Ahead of the 2020 Olympics starting in Tokyo next week, the Welwyn Hatfield Times looks back at how Panshanger’s Lord Desborough made London’s first games happen in 1908 - on just two years notice.
Lord Desborough, born William Henry Grenfell, proved to be in the right place at the right time in the summer of 1906.
He found himself leading the British fencing team at the 10th anniversary games in Athens, Greece, when he was approached to help save the 1908 Olympics.
Rome was originally designated as the host city but the eruption of Mount Vesuvius forced them to withdraw, leaving the games without a home.

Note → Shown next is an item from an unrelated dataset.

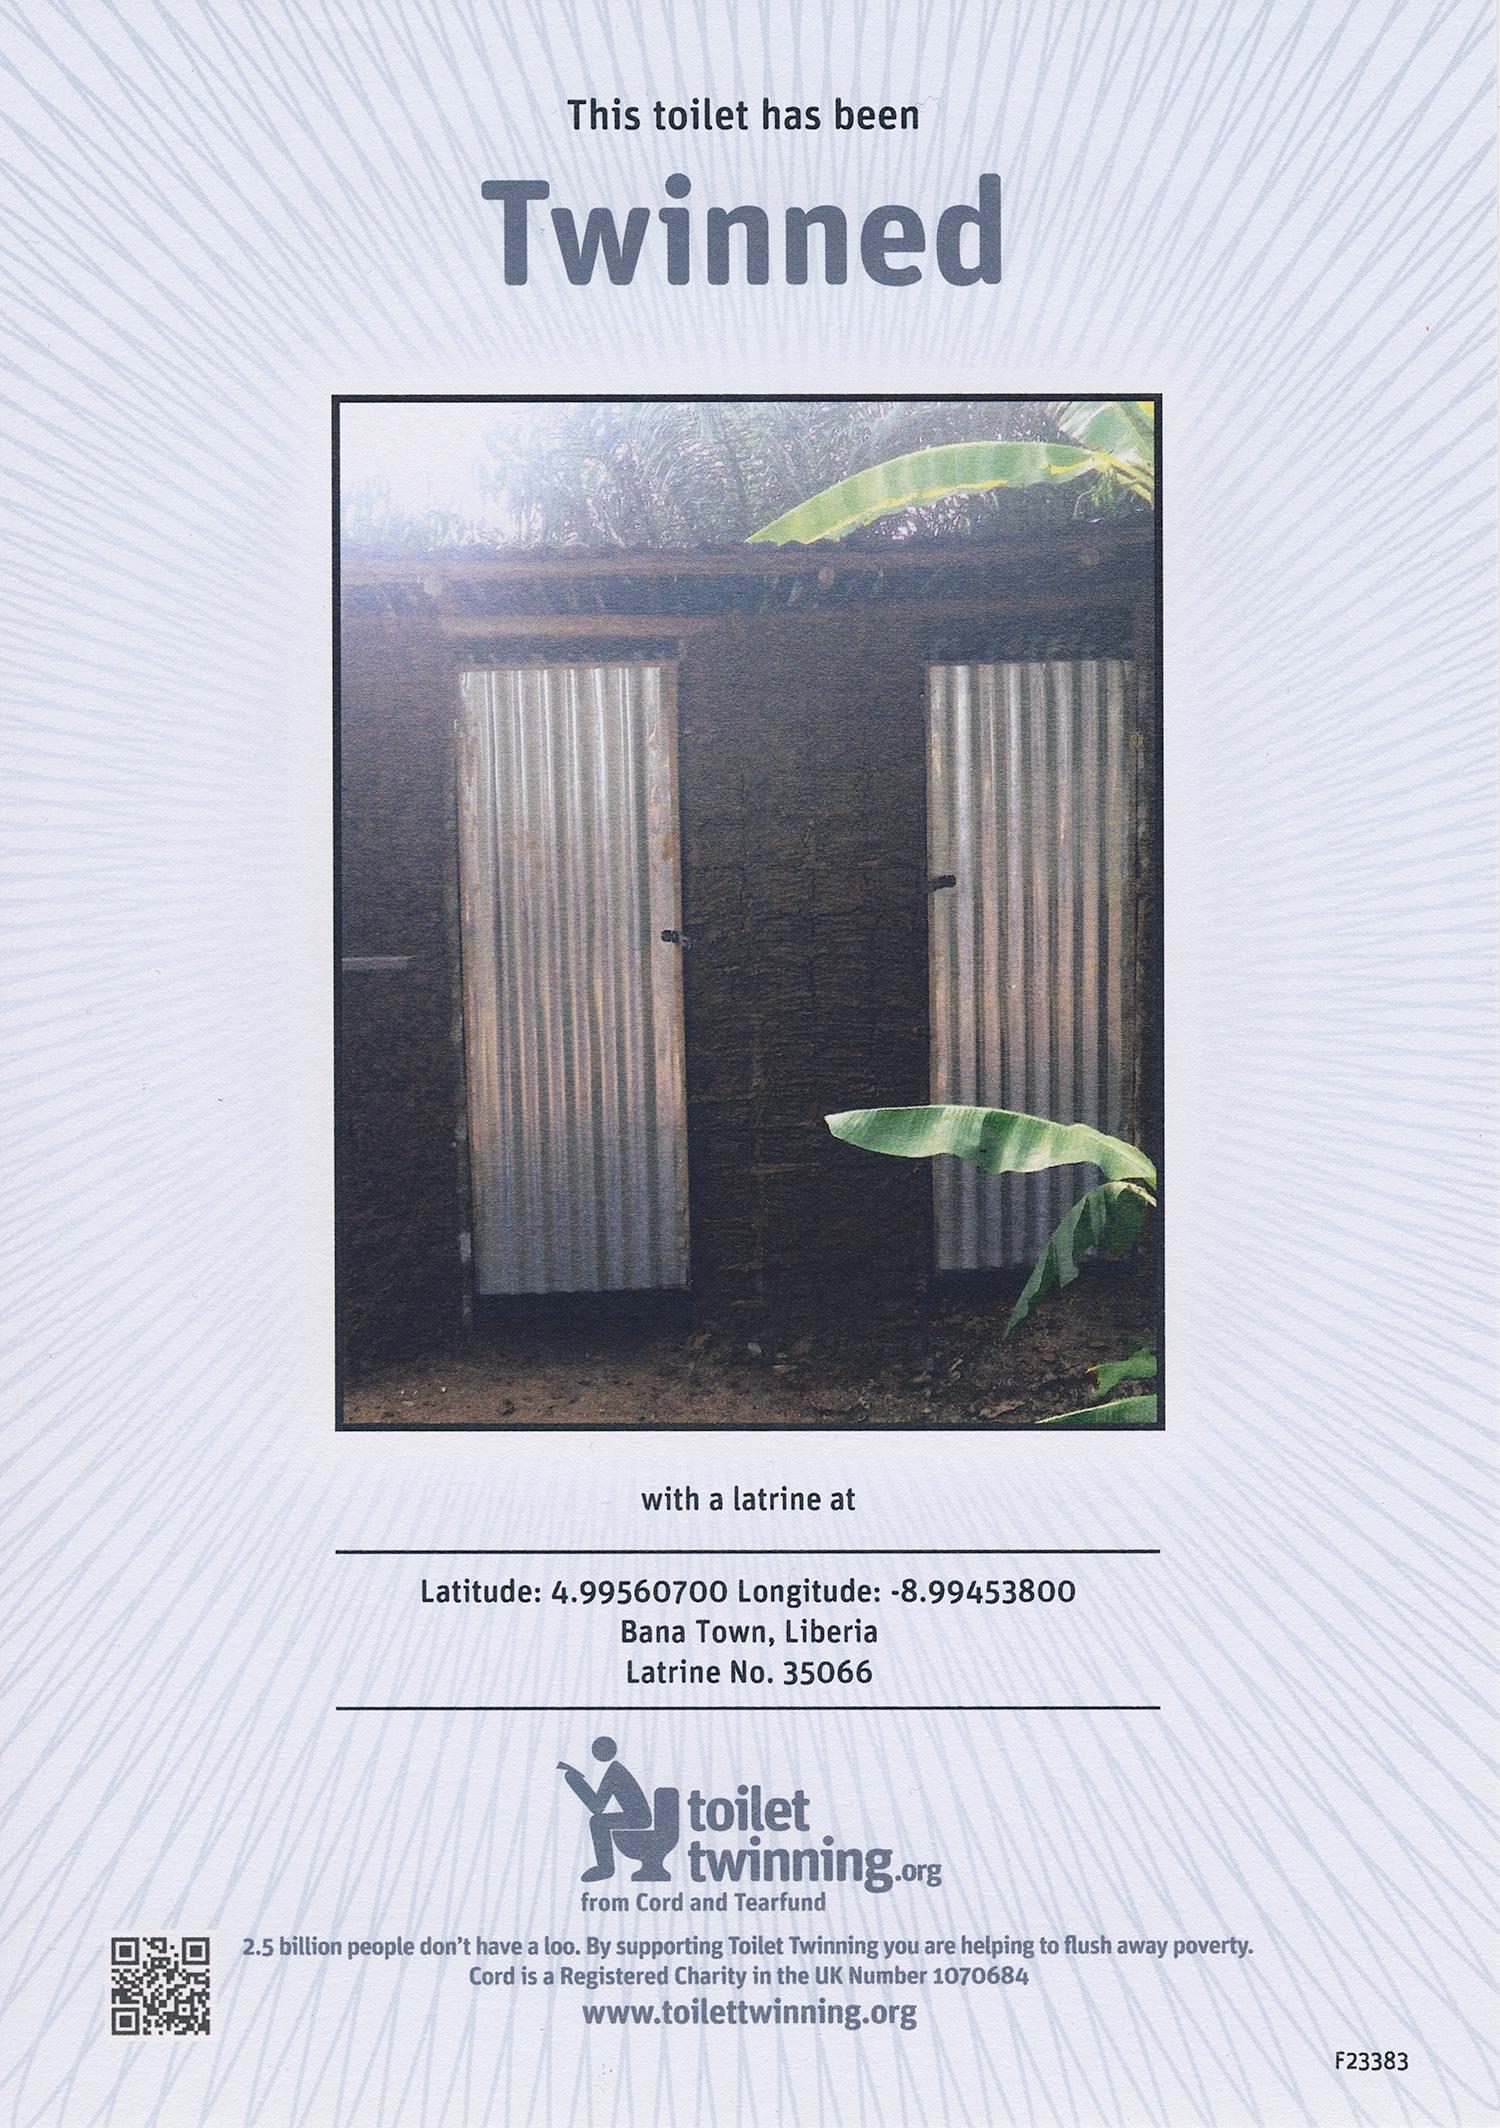 Toilet Twinning certificate.

After winning silver in Athens and being the first man to carry the flag for Great Britain in the parade of nations, Lord Desborough pushed ahead with the mammoth task of getting London ready for the games, with an official announcement coming a year later.
His prestige as a lord and politician was key to securing and organising the 1908 Olympics, but his sporting pedigree as a fencer, runner, rower and swimmer were just as important. He was also an adventurer, swimming the Niagara Falls rapids twice, climbing Switzerland’s Matterhorn three times and rowing across the English Channel.
“I should not have felt justified in making the announcement were it not for the fact that I have received assurances of support – and it will be no exaggeration to call it enthusiastic support – from nearly every one of those great associations which control the various branches of sport in the United Kingdom,” he wrote in late 1906.
He used his influence with the newspapers to encourage donations to the running cost, but his greatest achievement was negotiating the building of White City Stadium.
Desborough secured a favourable deal with the organisers of the Franco Britannic Exhibition, due to take place at Shepherd's Bush that summer, as they agreed to build the stadium at no cost and to the specifications of the International Organising Committee.
Revolutionary in its design, ‘The Great Stadium’ boasted a running track surrounded by a cycling track, with a swimming pool located in the infield. Lord Desborough himself laid the first stanchion when construction began.
The 1908 Olympic Games began in April, but the main events at the White City Stadium were not held until July, while King Edward VII was invited to perform the opening ceremony.
Despite the Olympic movement being in its infancy – with 1908 being just the fourth games of the modern era – London saw a record 2,008 athletes from 22 countries competing in 22 different sports.
There were some memorable moments too, including Italian marathon runner Dorando Pietri being helped over the finishing line as he struggled with exhaustion in a now iconic image.
The 1908 Olympics proved to be a roaring success and vindication for Lord Desborough’s efforts to bring the games to London.
There was no closing ceremony, but there was a euphoric farewell banquet held in Holborn:
“Whatever nationality we may belong to, we can all say tonight that both the summer and the autumn games of 1908 have been a success," he announced to a chorus of cheers.
“I will also say that we were able to extend to that great body of athletes a hospitality which will show them that we are not unmindful of the way we have been treated when we have gone abroad.”
He would later stand down from the IOC with the 1908 games as his great legacy, before retiring to the Panshanger estate which his wife, Ethel Anne Priscilla Fane, inherited in 1913.
His later life would be marked by tragedy as his sons Billy and Julian Grenfell – a renowned war poet – were both killed during the First World War, making his words written during the summer of 1908 poignant.
“These young men are also representative of the generation into whose hands, the destinies of most of the nations of the world are passing at this moment, and we may hope that their meeting thus periodically, the enthusiasm which they share may have a beneficent effect hereafter on the cause of international peace,” he wrote.
After the death of his third son, Ivo, in a 1926 car accident, Lord Desborough withdrew from public life and remained in Panshanger despite plans to return to his home of Taplow.
He would pass away on the estate at the age of 89. Just months after his death, in an unintentional nod to his legacy, it was announced the Olympics would again return to London in 1948.
With the 32nd Olympiad just days away, now is the time to remember Lord Desborough’s contribution not just to British sport, but to the early history of the Olympic games that helped shape it into the grand event it is today.